## WHAT THE EXERCISE ASKS
Only the lines from the one with "Creativity Puzzle (Non" through the end of the material below belong in the reply; transcribe them exactly.

## DATA BELOW
______________________________

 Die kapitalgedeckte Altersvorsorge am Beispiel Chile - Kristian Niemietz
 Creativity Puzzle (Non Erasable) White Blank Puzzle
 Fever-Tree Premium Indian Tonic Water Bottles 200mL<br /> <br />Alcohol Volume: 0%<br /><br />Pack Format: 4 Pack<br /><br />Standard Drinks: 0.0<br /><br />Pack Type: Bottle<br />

______________________________

## TASK OUTPUT
 Creativity Puzzle (Non Erasable) White Blank Puzzle
 Fever-Tree Premium Indian Tonic Water Bottles 200mL<br /> <br />Alcohol Volume: 0%<br /><br />Pack Format: 4 Pack<br /><br />Standard Drinks: 0.0<br /><br />Pack Type: Bottle<br />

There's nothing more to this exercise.